Intermediate Value Theorem: Let $f$ be a function defined on $[a, b]$ and let $W$ be a number between $f(a)$ and $f(b)$. If $f$ is continuous on $[a, b]$, then there is at least one number $c$ between $a$ and $b$ such that $f(c) = W$.

Now, a very common use for this theorem is to show that a function is 0 somewhere. How that works is as follows. Say out of $f(a)$ and $f(b)$, one is positive and one is negative. Then $0$ is in between $f(a)$ and $f(b)$. If the function in question is continuous on the closed interval $[a, b]$, then all the conditions of the Intermediate Value Theorem apply. In that case, we can conclude there is some $c$ between $a$ and $b$ such that $f(c) = 0$. Even if don't know what $c$ is, and even if we have no idea how to ever figure out what $c$ is, we know there is some $c$ such that $f(c) = 0$.

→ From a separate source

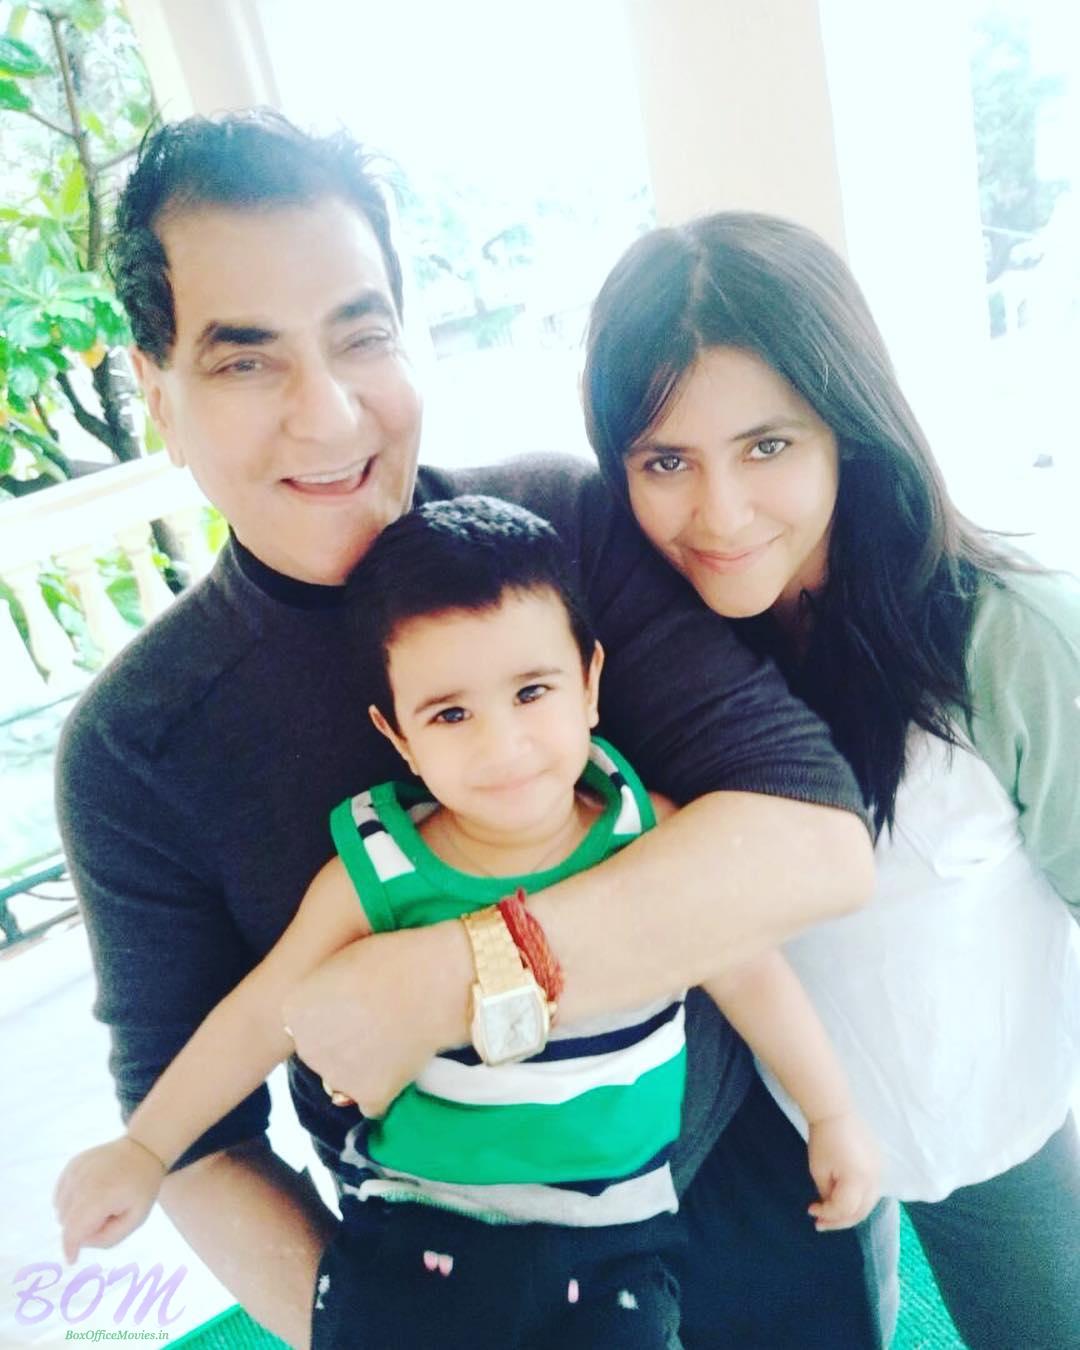 Actor Jitendra with his grandson and daughter Ekta Kapoor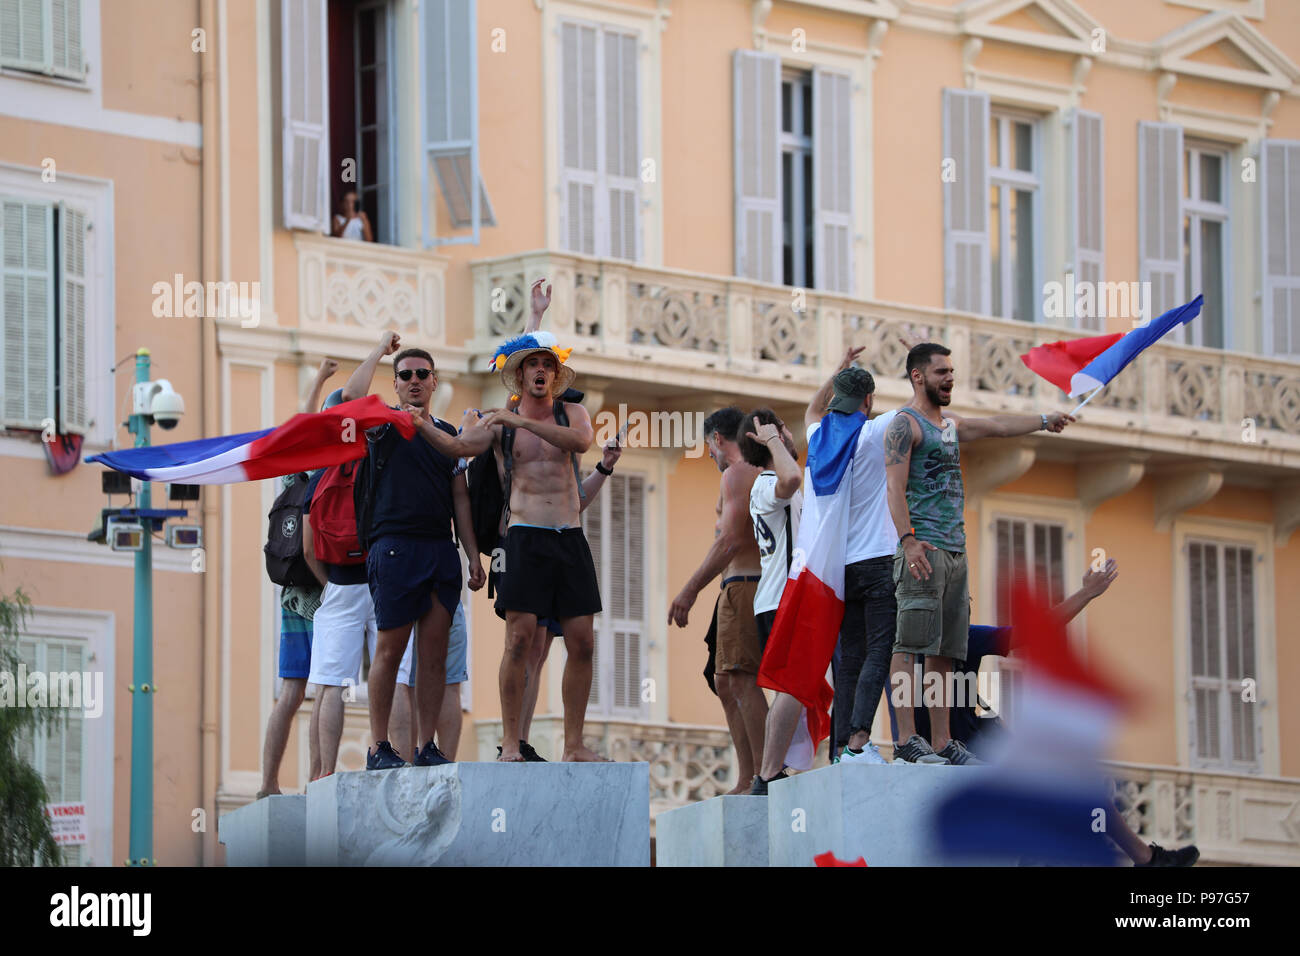 Menton, Francia - 15 Luglio 2018: 2018 FIFA World Cup Russia : Francia sostenitori celebrare in Menton dopo aver vinto la Coppa del Mondo con 4-2 vittoria sulla Croazia Foto Stock

In your specific example, $f(x) = x^3 + x + 1$ is continuous everywhere, in particular on any closed interval. So, we have no trouble on that issue. All we need to know is $f(x)$ is positive somewhere and negative somewhere else. Just try a few values of $x$ and see if you can find one where $f(x)$ is positive and one where $f(x)$ is negative. Start by trying the easy values. In this case, Deven already has shown the easiest ones to try, and it turns out $f(0) = 1$ is positive and $f(-1) = -1$ is negative, so that we know the Intermediate Value Theorem applies and tells us there is some $c$ between $-1$ and $0$ such that $f(c) = 0$.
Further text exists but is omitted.